Convolutional Neural Networks and Transfer Learning Workshop

There is a notebook in the github repo for this workshop that has much of the content from the slides in there for your convenience.

Set up

Importing some of the libraries we’ll be using, as well as PyTorch:

# standard imports (Numpy, Pandas, Matplotlib)
import numpy as np
import pandas as pd
import matplotlib.pyplot as plt
import matplotlib.image as img
from PIL import Image
from PIL import ImageFile
ImageFile.LOAD_TRUNCATED_IMAGES = True

# PyTorch imports 
import torch
import torch.nn as nn
import torch.nn.functional as F
import torchvision.utils
from torch.utils.data import DataLoader, Dataset
from torch import optim
from torchvision.datasets import ImageFolder
from torchvision.models import resnet18
from torchvision import transforms
from torchsummary import summary

# Extras
import time
import os
import glob

%reload_ext autoreload
%autoreload 2
%matplotlib inline
%pylab inline
random.seed(42)

Building a Convolutional Neural Network with PyTorch

Now that we understand the details behind CNNs, let’s take a look at how we can build one of these networks using the PyTorch framework.
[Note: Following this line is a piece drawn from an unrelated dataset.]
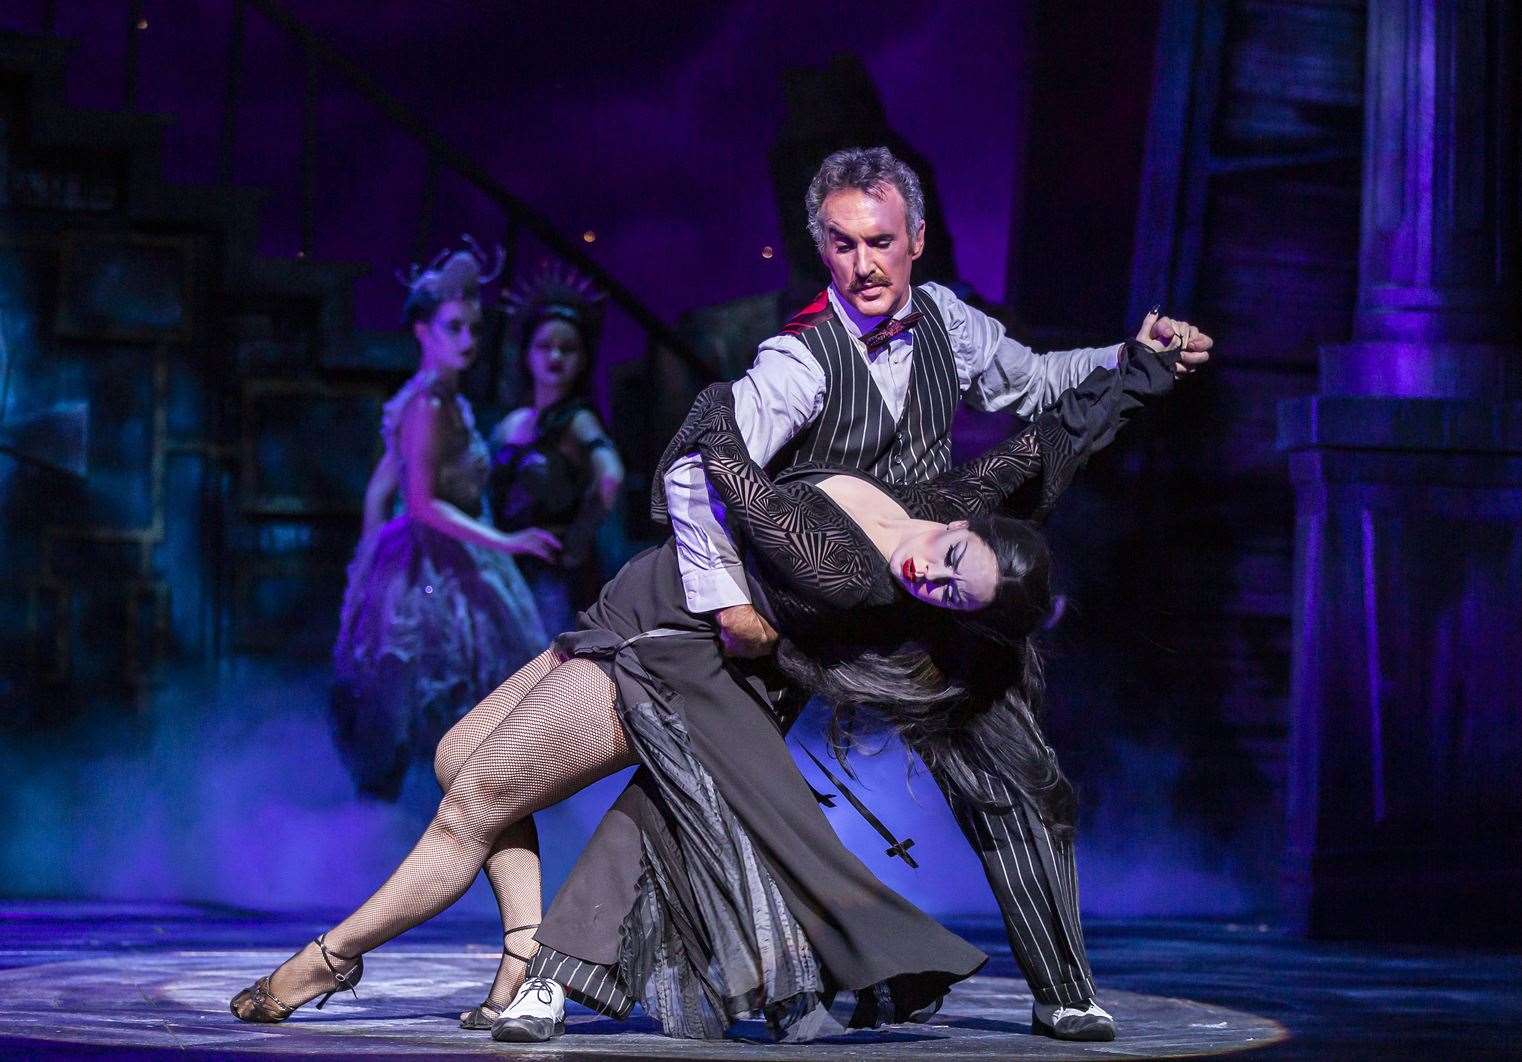 Joanne Clifton swaps the ballroom for the stage in the Addams Family. Picture: Pamela Raith.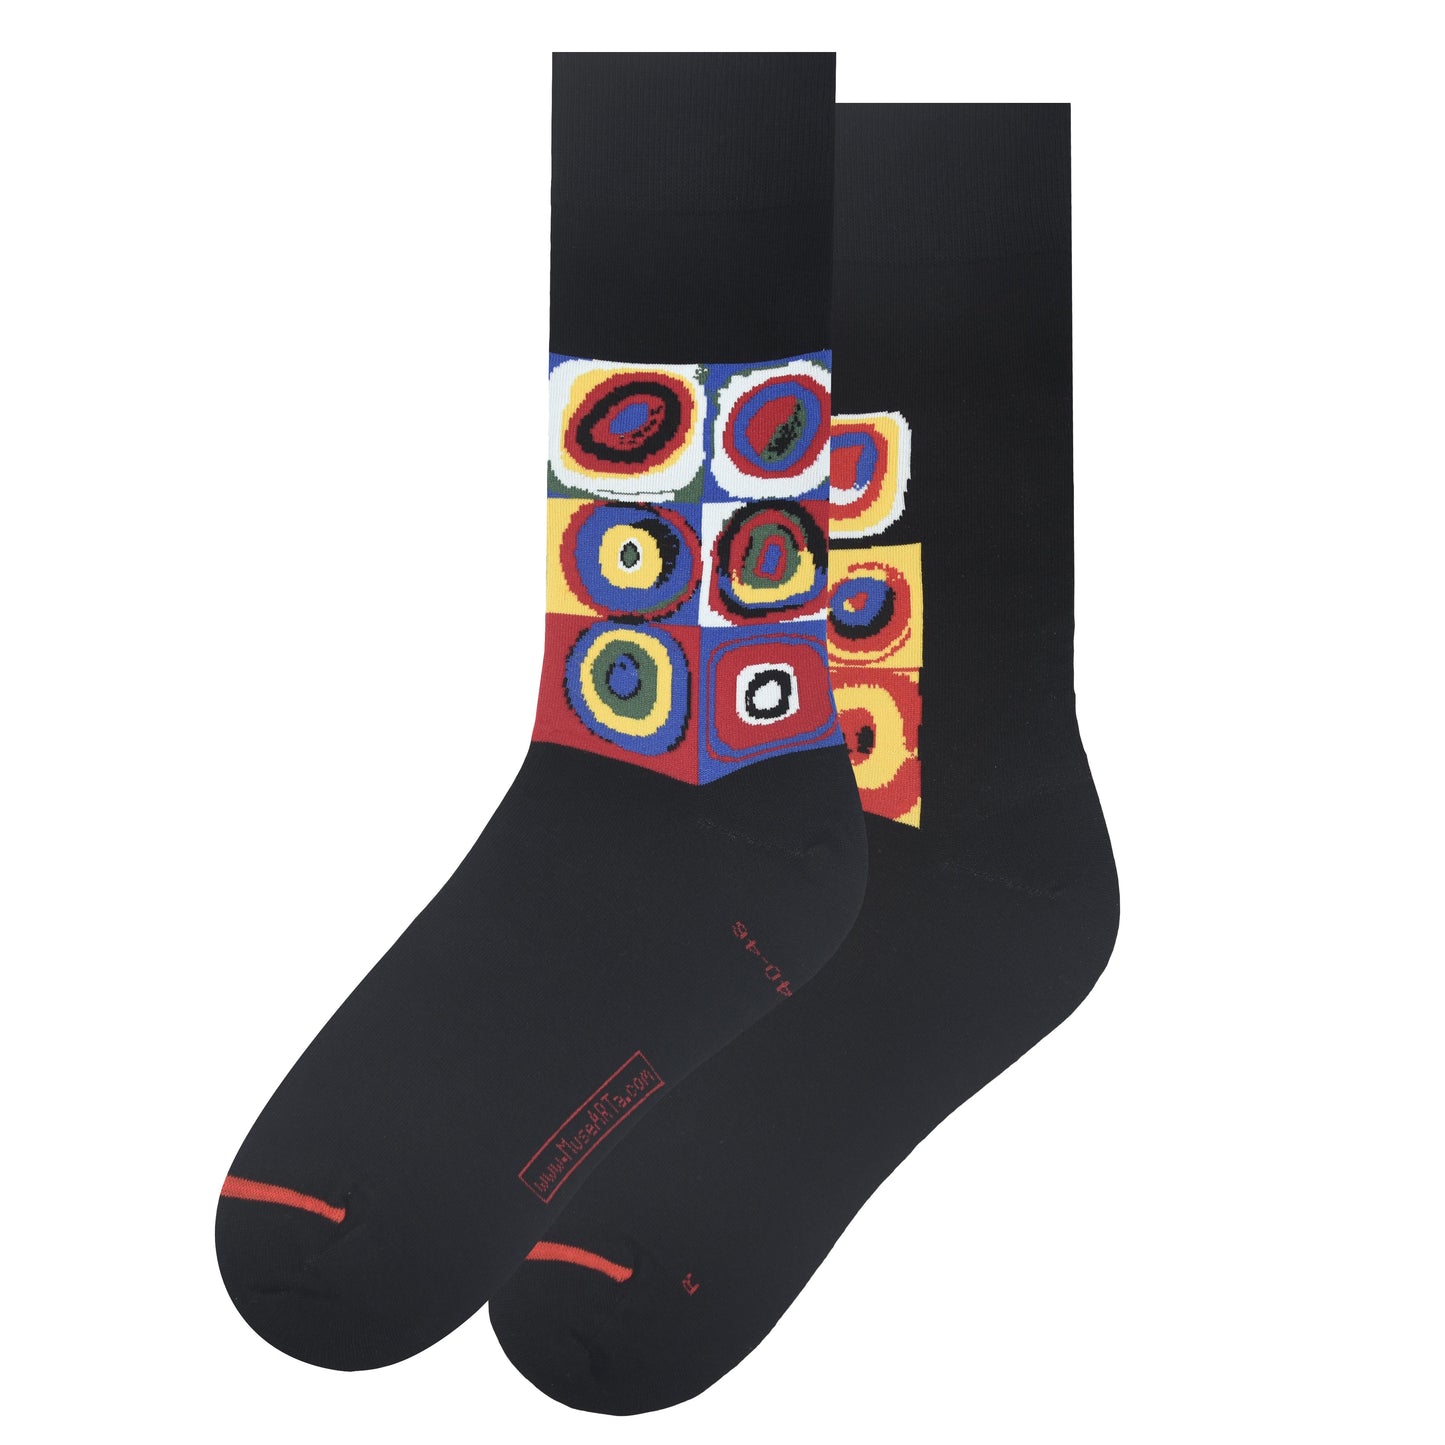 Kandinsky's Squares With Concentric Circles Socks

As I mentioned earlier, CNNs can be used to understand all sorts of data, but for this meeting we’ll build a network to classify images. This is called Computer Vision.

Before we can begin building our model, we need to set up our dataset in such a way that allows PyTorch to properly load each image.

Introduction to the dataset

The dataset which we’ll be working with is the popular dog breeds dataset, which contains a few thousand pictures of 133 different breeds of dogs. Naturally, our goal will be to create a model which can predict the breed of dog of any given image.

Example of a Bulldog

Here’s a German Shepard

PyTorch data transformations

The first step in doing so is to define the transformations that will be applied to our data. These are simply the preprocessing steps that are applied to each image before being fed into our model.

As you can see above, the pictures are all different dimensions, while most CNNs expect each input to be a consistent size… So we define a fixed size for every image as well as a few other constants which I’ll explain in a bit.

input_size = (224,224)
batch_size = 32
num_workers = 4

This code defines the transformations for each of our datasets (Training, Validation, and Test sets). Compose() simply chains together PyTorch transformations.

The first transformation we apply is the resizing step we discussed above. The next step, ToTensor(), transforms the pixel array into a PyTorch Tensor and rescales each pixel value to be between $[0, 1]$. This is required for an input to be consumed by PyTorch. Finally, we normalize each Tensor to have a mean $\mu = 0$ and variance $\sigma^2 = 1$. Research supports that Neural Networks tend to perform much better on normalized data…

data_transforms = {
    'Train': transforms.Compose([transforms.Resize(input_size),
                          transforms.ToTensor(),
                          transforms.Normalize(mean=[0.5, 0.5, 0.5],
                                 std=[0.5, 0.5, 0.5])
    ]),
    'Validation': transforms.Compose([transforms.Resize(input_size),
                          transforms.ToTensor(),
                          transforms.Normalize(mean=[0.5, 0.5, 0.5],
                                 std=[0.5, 0.5, 0.5])
    ]),
    'Test': transforms.Compose([transforms.Resize(input_size),
                               transforms.ToTensor(),
                               transforms.Normalize(mean=[0.5, 0.5, 0.5],
                                 std=[0.5, 0.5, 0.5])
    ])
}

PyTorch datasets and dataloaders

Our next step is to create a PyTorch Dataset for each of our training, validation, and test sets. torch.utils.data.Dataset is an abstract class that represents a dataset and has several handy attributes we’ll utilize from here on out.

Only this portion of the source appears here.